▸ **PROVIDED MATERIAL**
--------

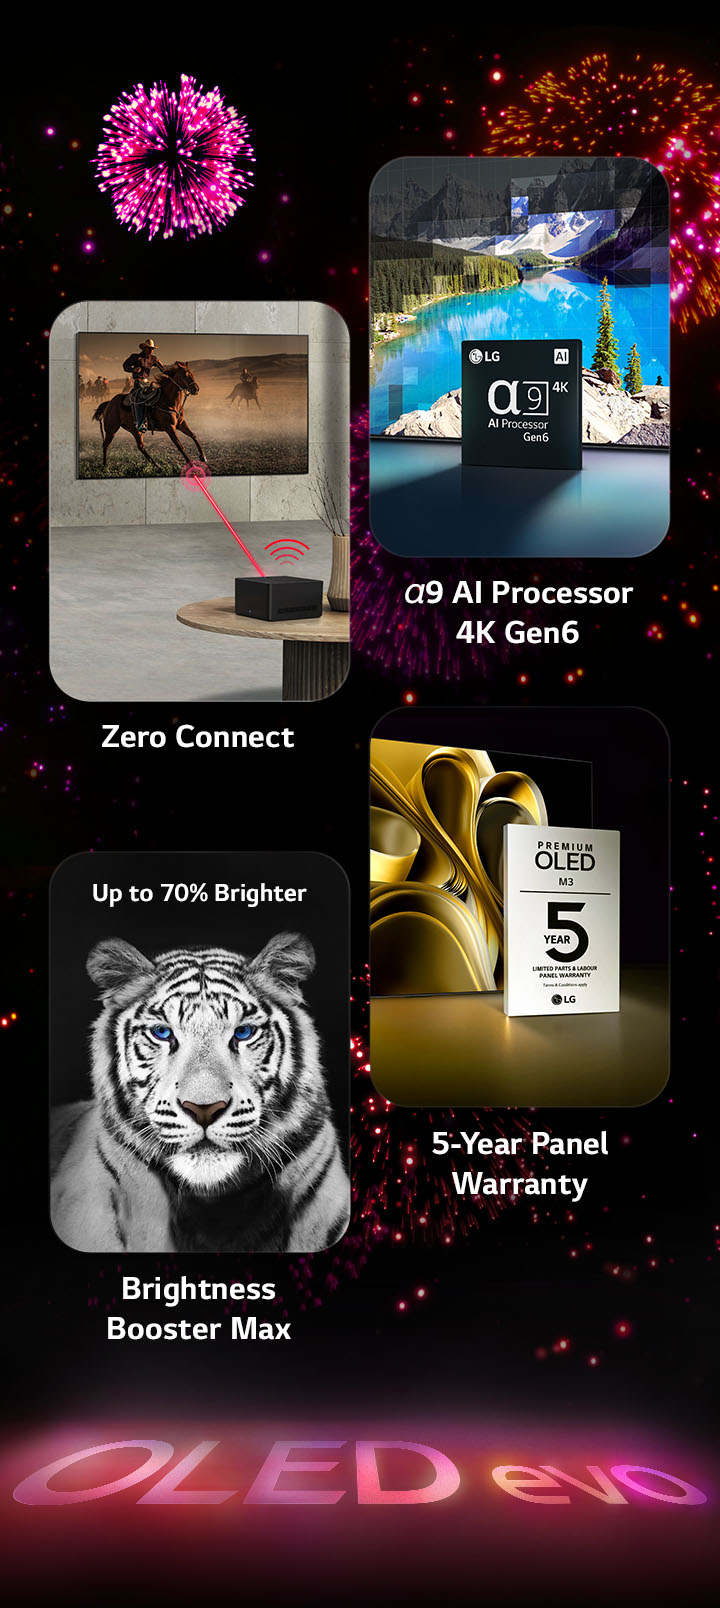 An image presenting the key features of the LG OLED evo M3 against a black background with a pink and purple firework display. The pink reflection from the firework display on the ground shows the words "OLED evo." Within the picture, an image depicting Zero Connect shows OLED M3 on the wall of a gray room with the Zero Connect Box wirelessly transmitting the picture. An image depicting the α9 AI Processor 4K Gen6 shows the chip standing before a picture of a lake scene being remastered with the processing technology. An image presenting Brightness Booster Max shows a tiger with deep contrast and bright whites. An image presenting the 5-Year Panel Warranty shows the Premium OLED M3 warranty logo with the display in the backdrop. 
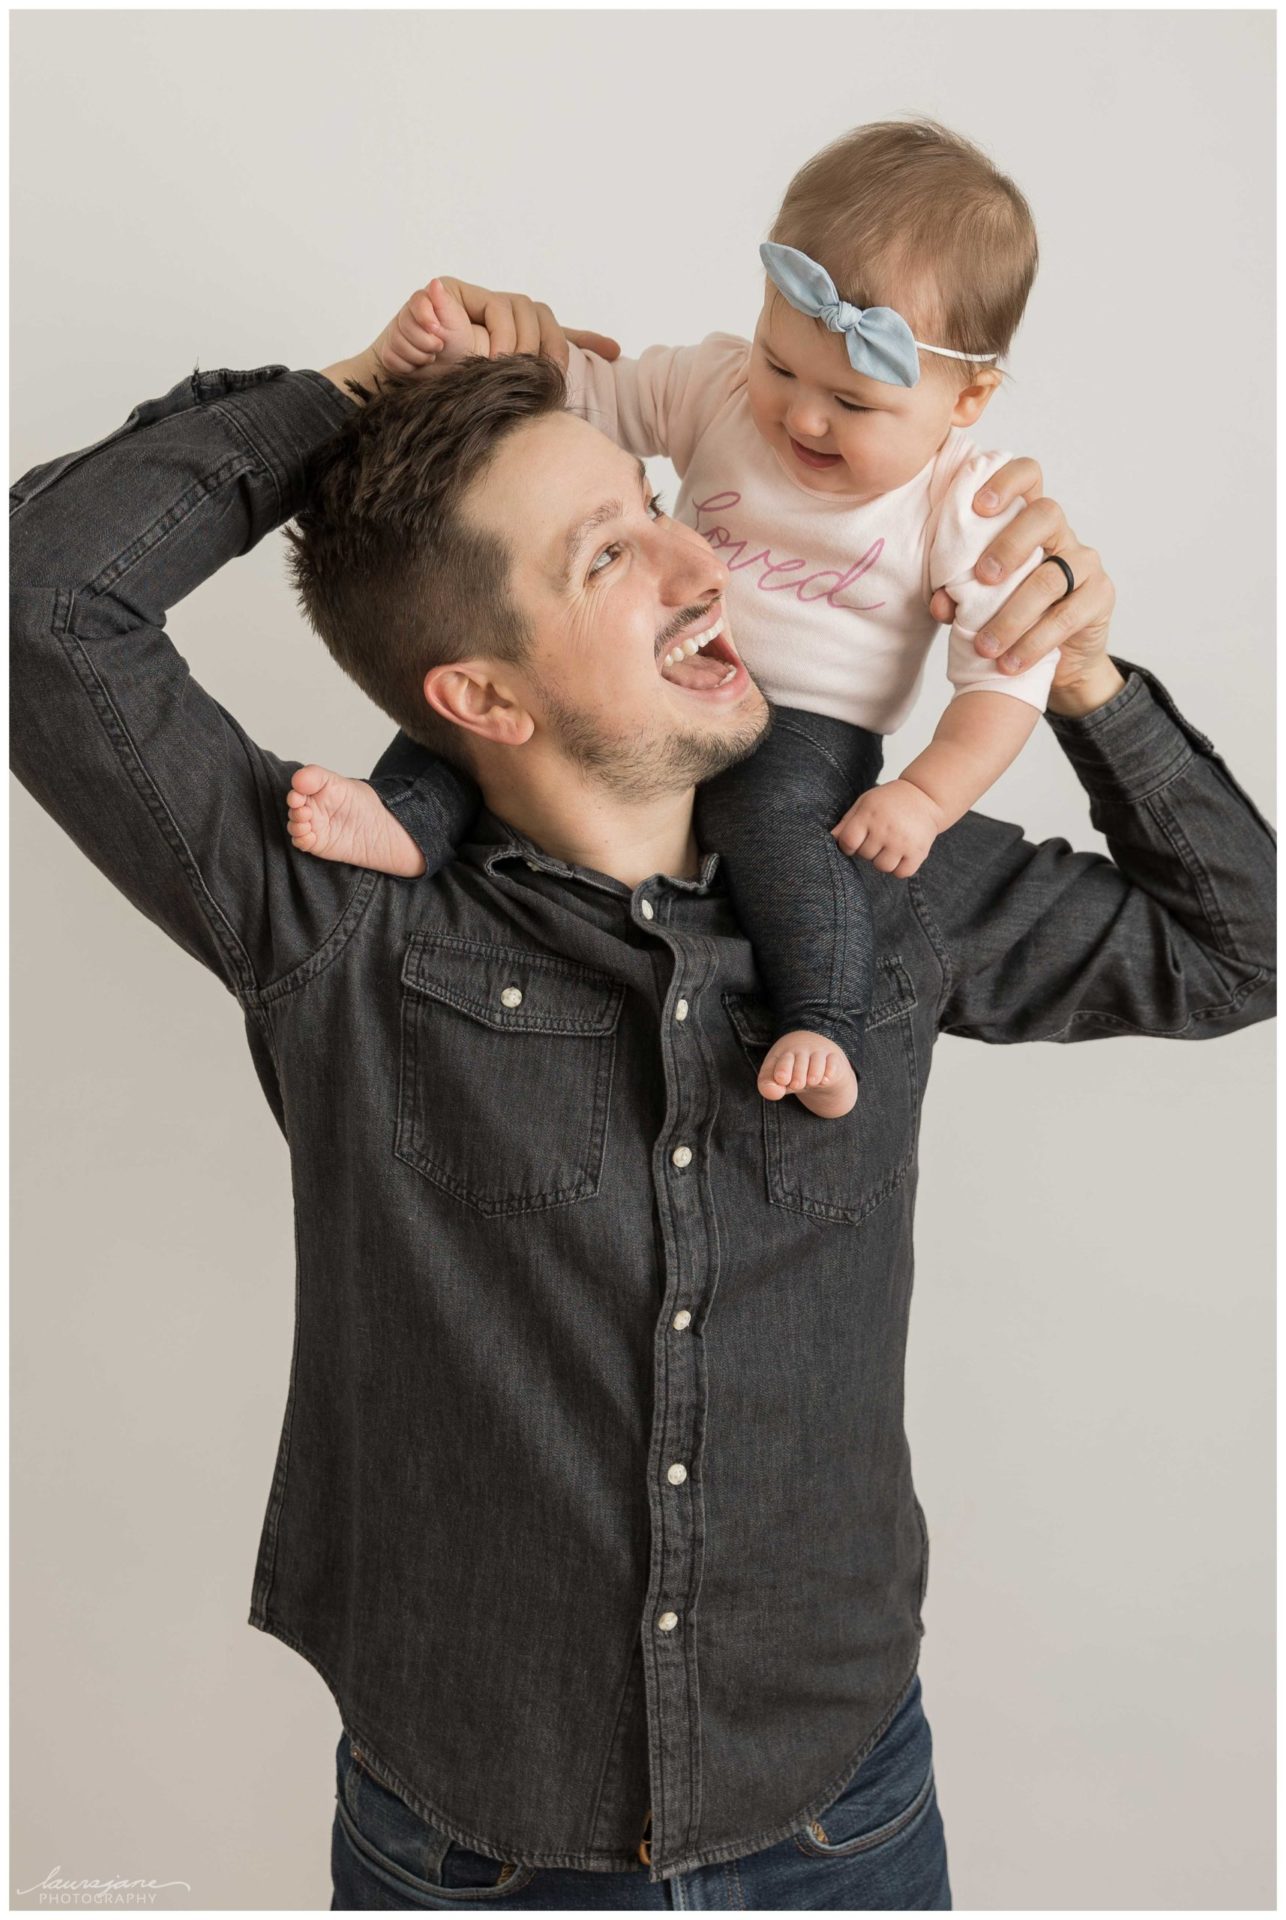 Nine Month Old Baby Portraits with Dad
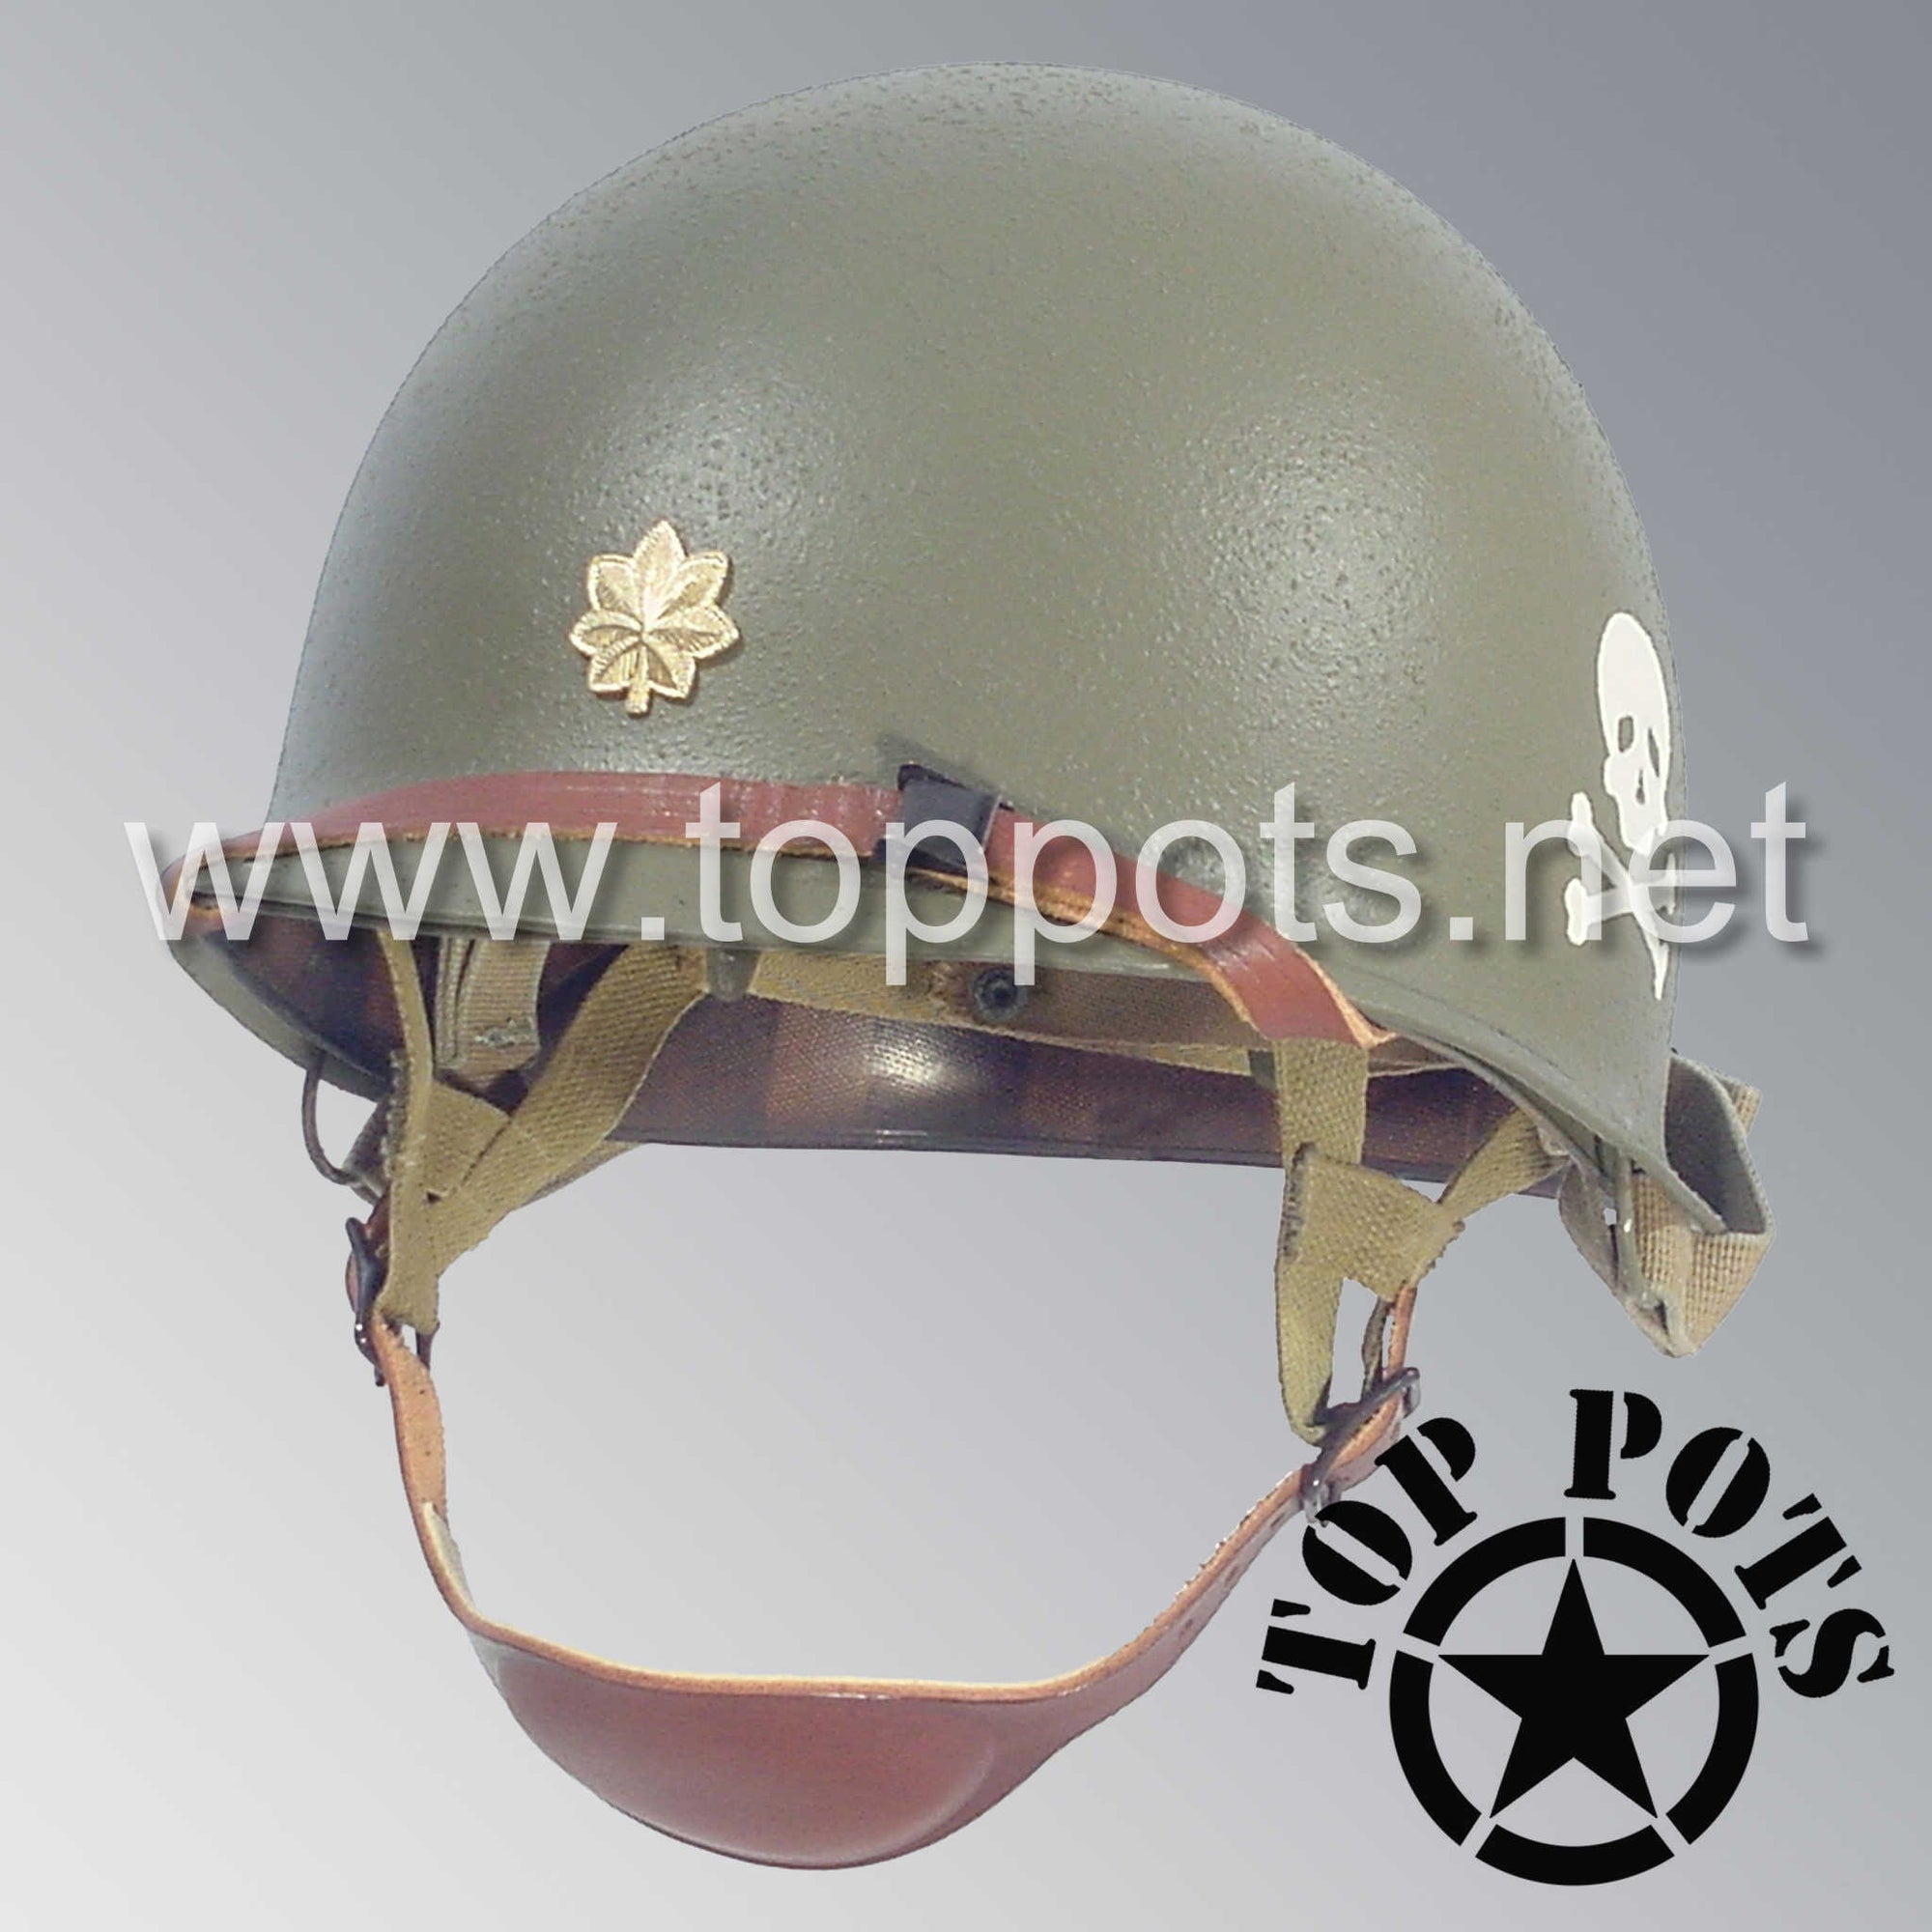 WWII US Army Restored Original M2 Paratrooper Airborne Helmet D Bale Shell and Liner with 504th PIR Officer Metal Major Rank Emblem

--------

Transcribe the listing above verbatim. No picture belongs in the result.

 An image presenting the key features of the LG OLED evo M3 against a black background with a pink and purple firework display. The pink reflection from the firework display on the ground shows the words "OLED evo." Within the picture, an image depicting Zero Connect shows OLED M3 on the wall of a gray room with the Zero Connect Box wirelessly transmitting the picture. An image depicting the α9 AI Processor 4K Gen6 shows the chip standing before a picture of a lake scene being remastered with the processing technology. An image presenting Brightness Booster Max shows a tiger with deep contrast and bright whites. An image presenting the 5-Year Panel Warranty shows the Premium OLED M3 warranty logo with the display in the backdrop. 
 Nine Month Old Baby Portraits with Dad
 WWII US Army Restored Original M2 Paratrooper Airborne Helmet D Bale Shell and Liner with 504th PIR Officer Metal Major Rank Emblem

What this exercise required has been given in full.